New Gold-Drilling Technology: Shale-Drilling Redux?
Before the implementation of hydraulic fracturing and horizontal drilling technologies, the domestic energy industry was in a state of steady decline.
Well, the same can be said right now of the gold mining industry, particularly in South Africa.
South Africa was once the premier producer of the precious metal, yet it now ranks sixth – and is still dropping.
But hope is on the way…
A new drilling technology is being developed that promises a brighter future for gold miners – not only in South Africa, but anywhere around the globe that performs deep level mining.

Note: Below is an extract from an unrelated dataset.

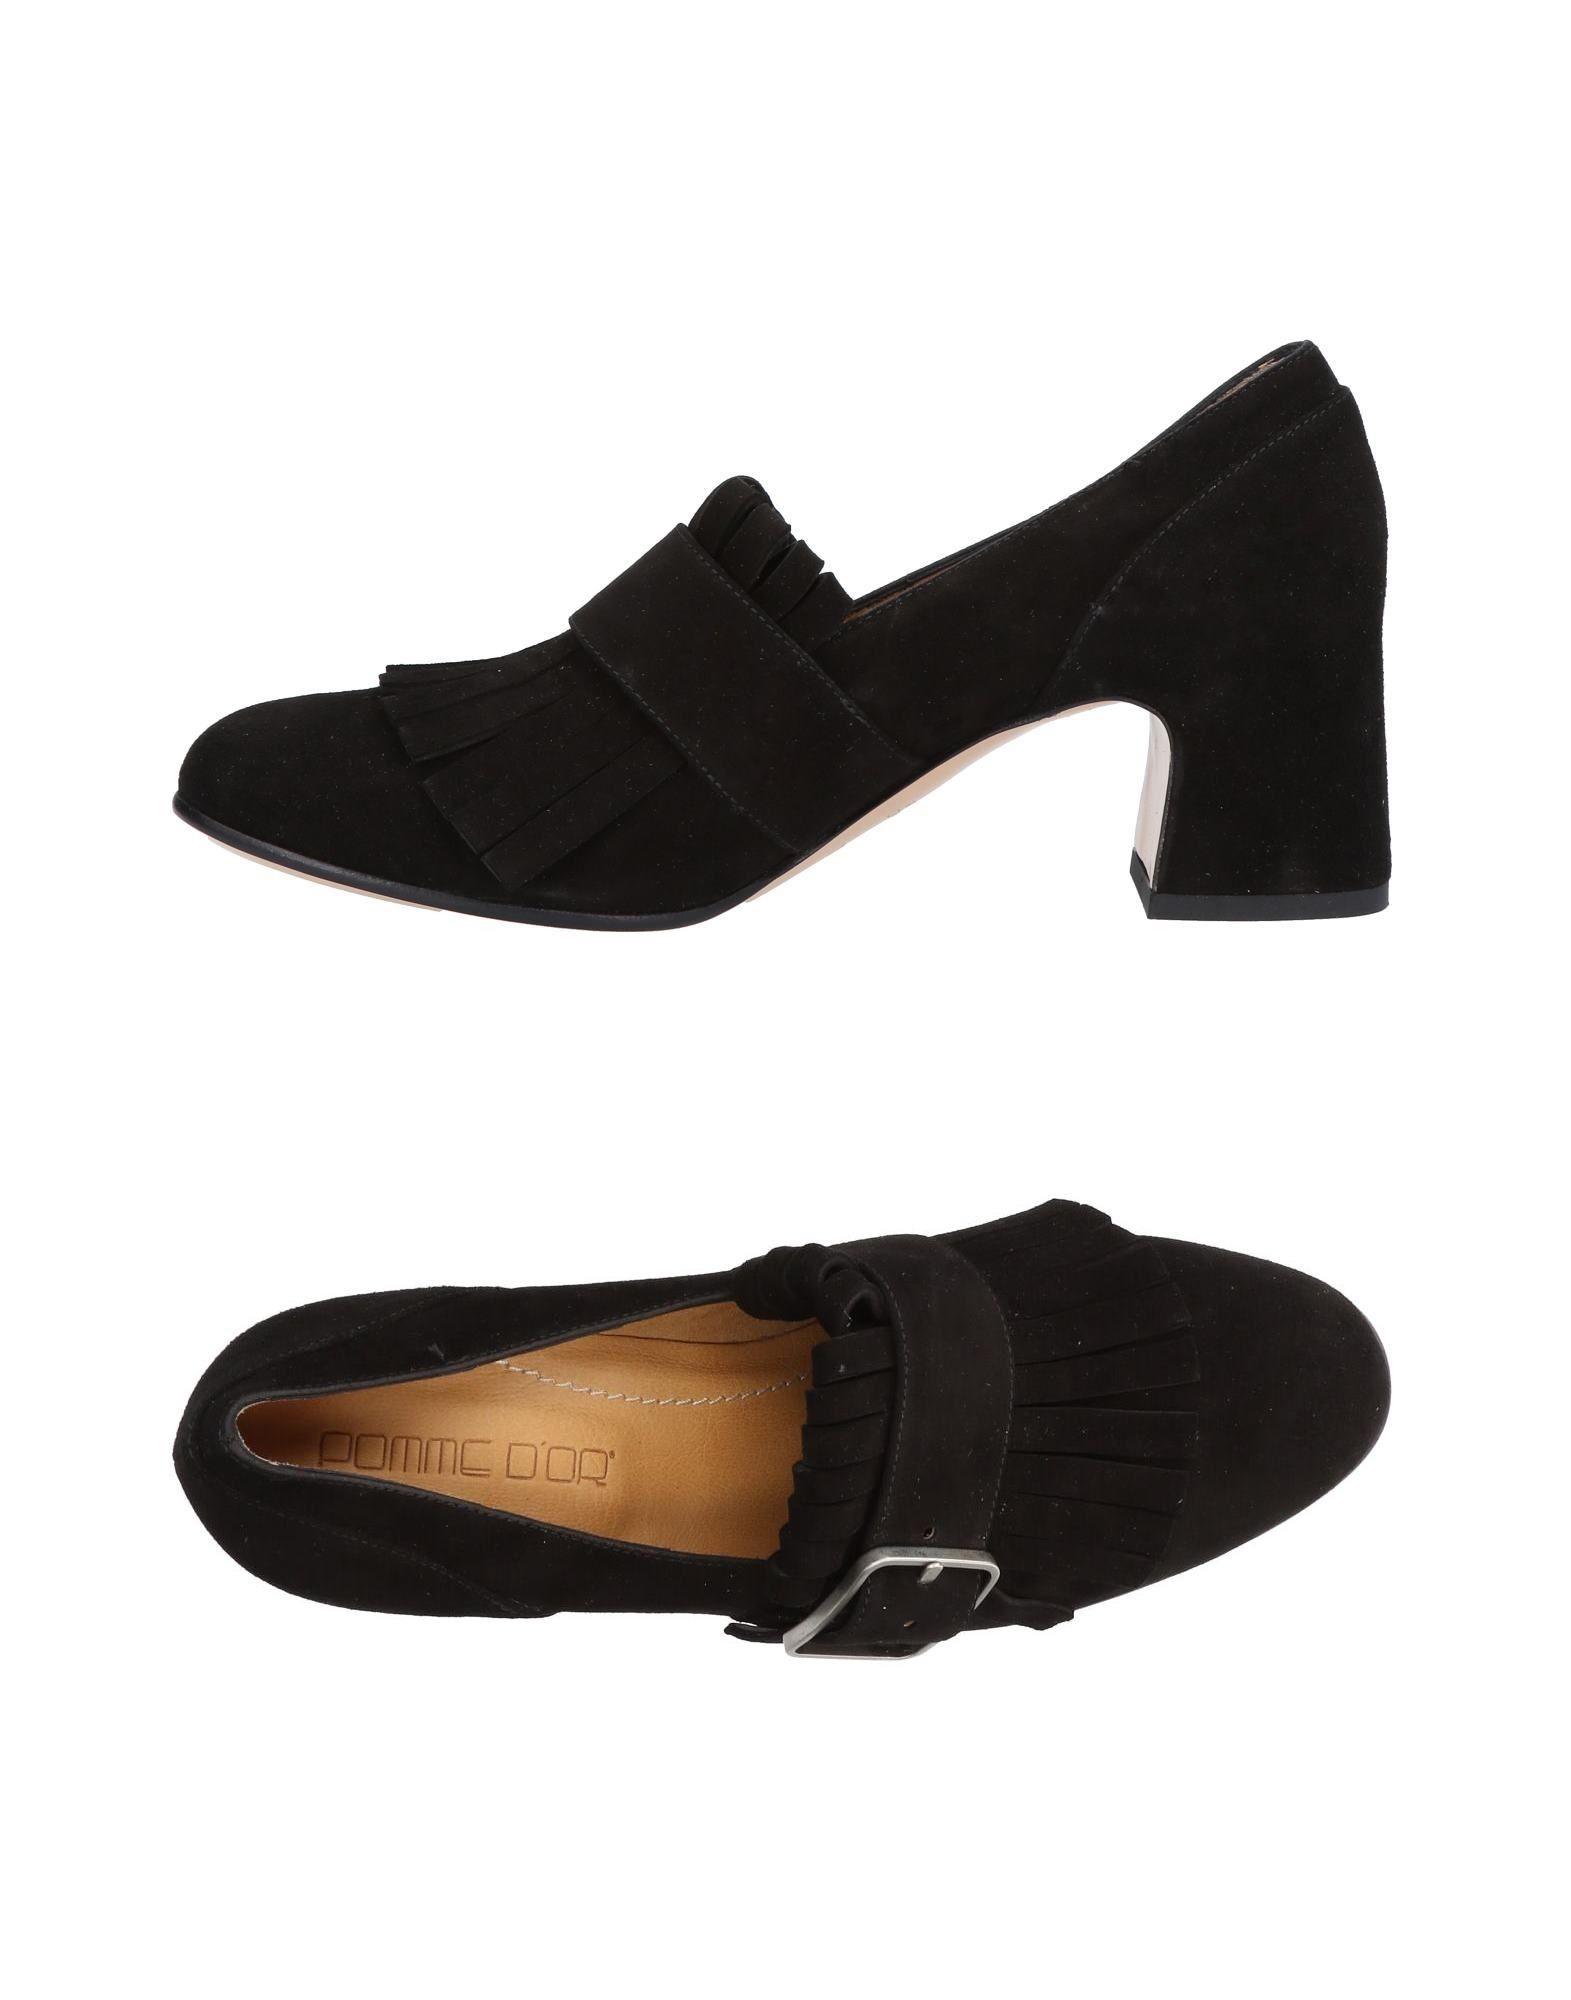 Pomme D'or Mokassins Damen  11482614KUGut aussehende strapazierfähige Schuhe

AngloGold Ashanti (AU) is behind this new technology, which is called reef boring.
The company’s CEO, Srinivasan Venkatakrishnan, said that it’s “a game changer, or a paradigm shift.”
Indeed, the current processes for gold mining involve drilling holes many feet below the surface and using explosives.
Reef boring, on the other hand, involves using smaller and more agile machines.
These vastly reconfigured tunnel-boring machines are used to drill parallel access tunnels into gold reef deposits quickly.
Then, between the tunnels, the company drills smaller interconnecting holes. It then fills these holes with a solution that turns rock-hard within three weeks. This keeps the entire mining area stable.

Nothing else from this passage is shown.